[Instructions for the task] From the listing below, copy only the lines running from the line that contains "Туфли на плоской" to the line that contains "David’s Bridal Dress (size 4)", both included.

[Dataset records]

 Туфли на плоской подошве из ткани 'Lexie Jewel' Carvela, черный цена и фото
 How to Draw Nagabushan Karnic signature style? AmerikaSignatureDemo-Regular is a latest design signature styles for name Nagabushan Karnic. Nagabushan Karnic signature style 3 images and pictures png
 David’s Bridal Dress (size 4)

---

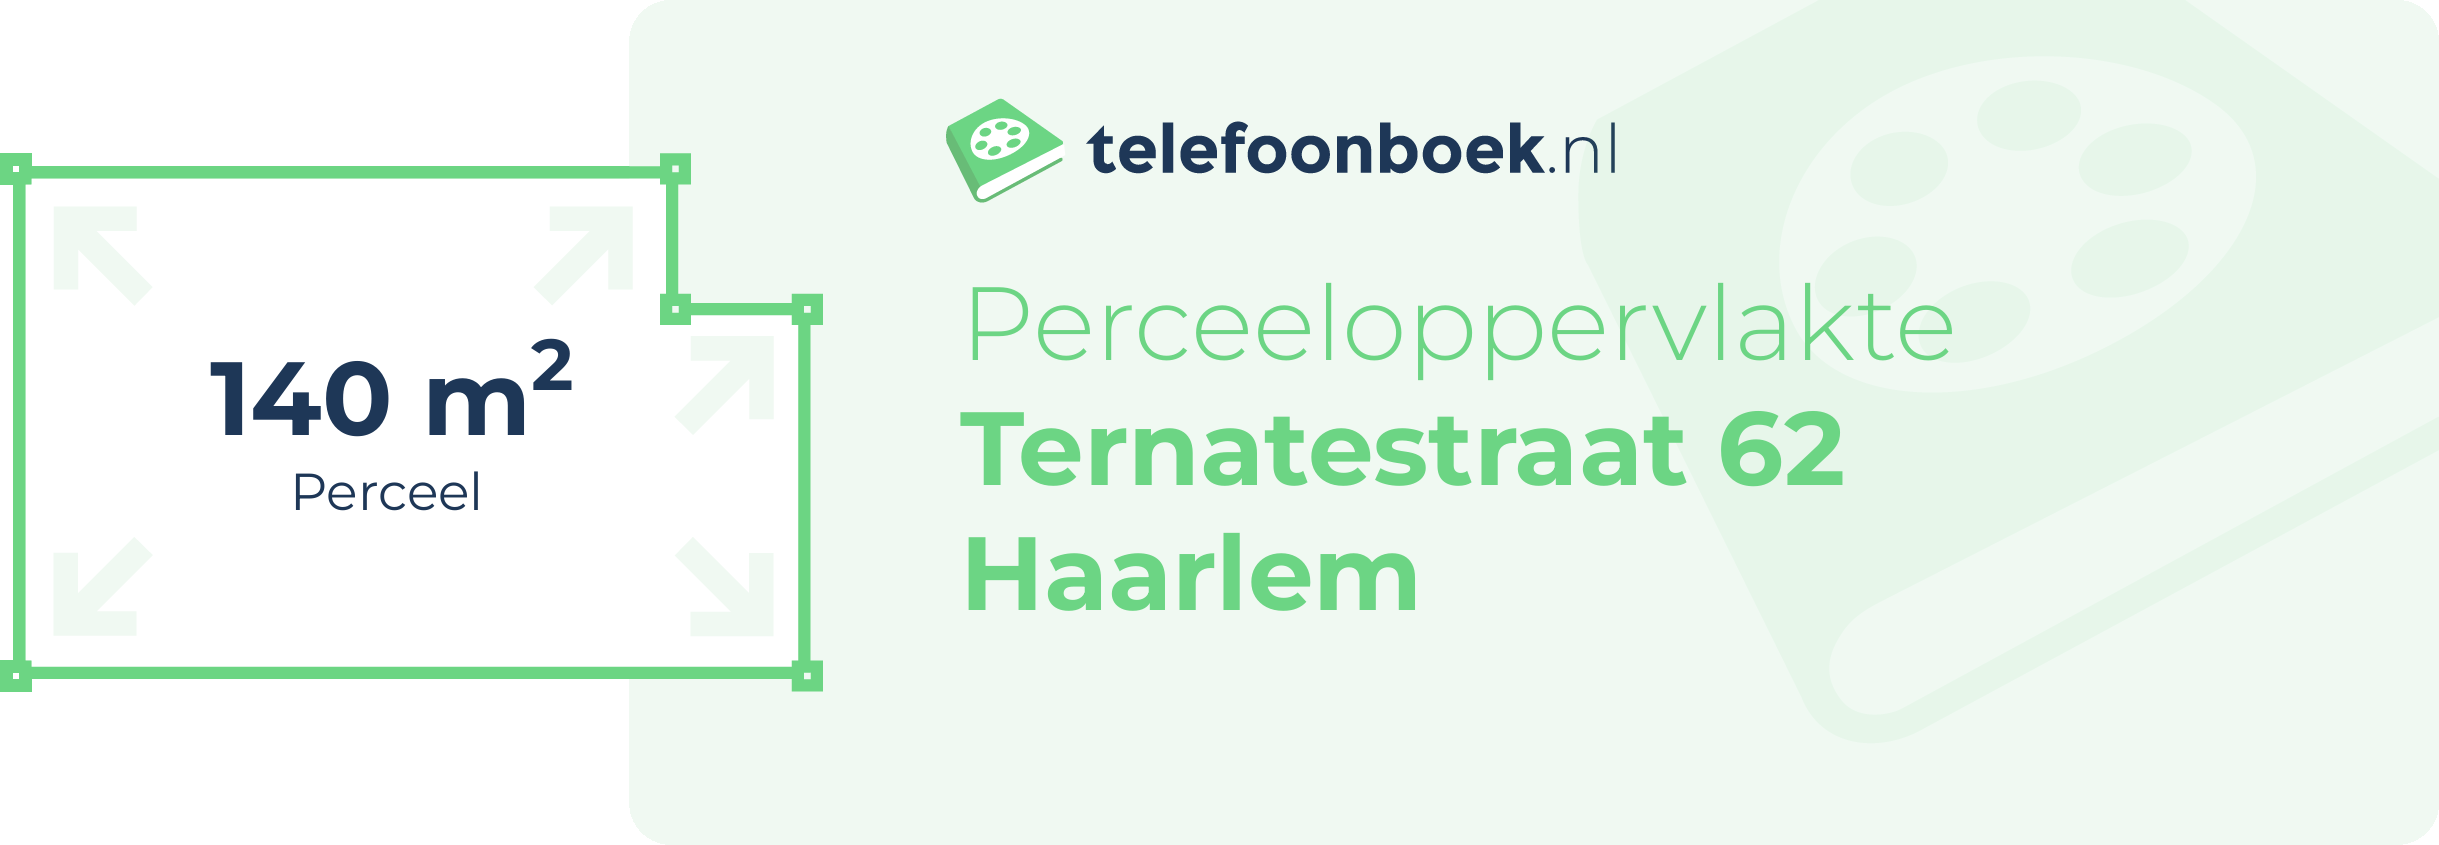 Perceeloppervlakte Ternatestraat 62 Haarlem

---

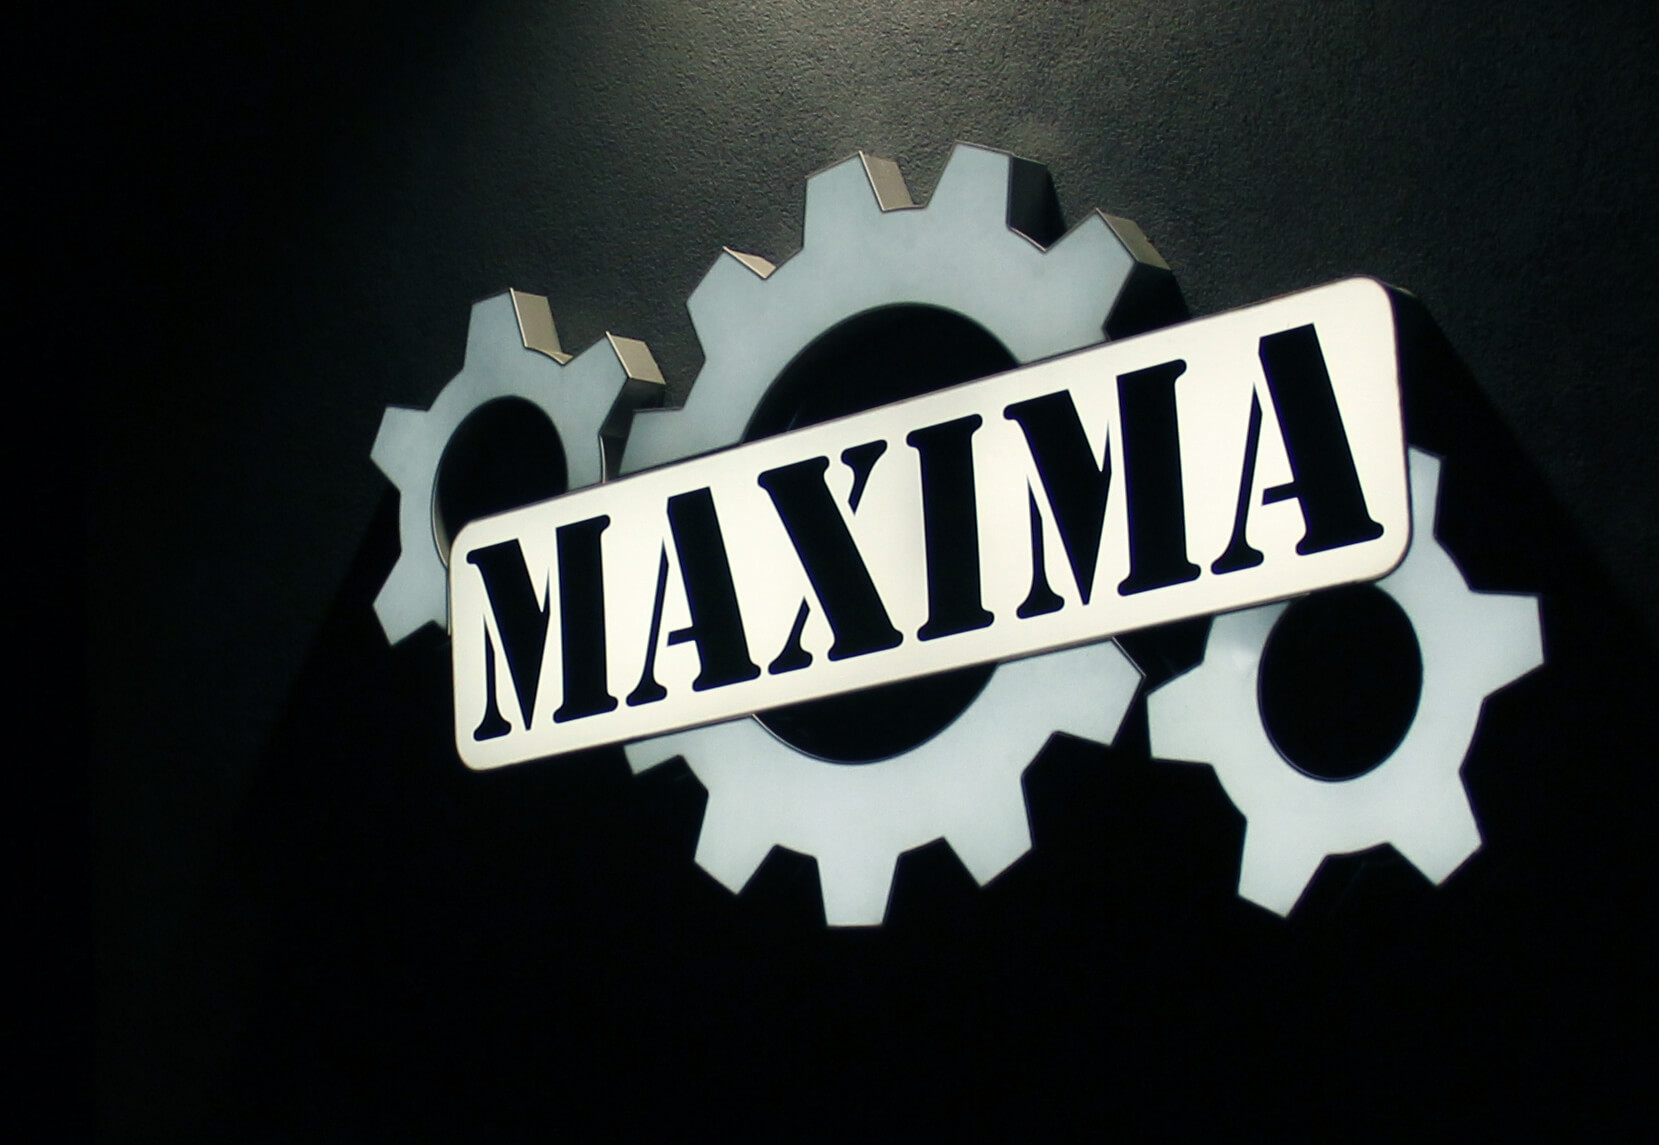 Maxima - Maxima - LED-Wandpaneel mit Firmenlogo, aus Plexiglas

[Answer for the task]
 Туфли на плоской подошве из ткани 'Lexie Jewel' Carvela, черный цена и фото
 How to Draw Nagabushan Karnic signature style? AmerikaSignatureDemo-Regular is a latest design signature styles for name Nagabushan Karnic. Nagabushan Karnic signature style 3 images and pictures png
 David’s Bridal Dress (size 4)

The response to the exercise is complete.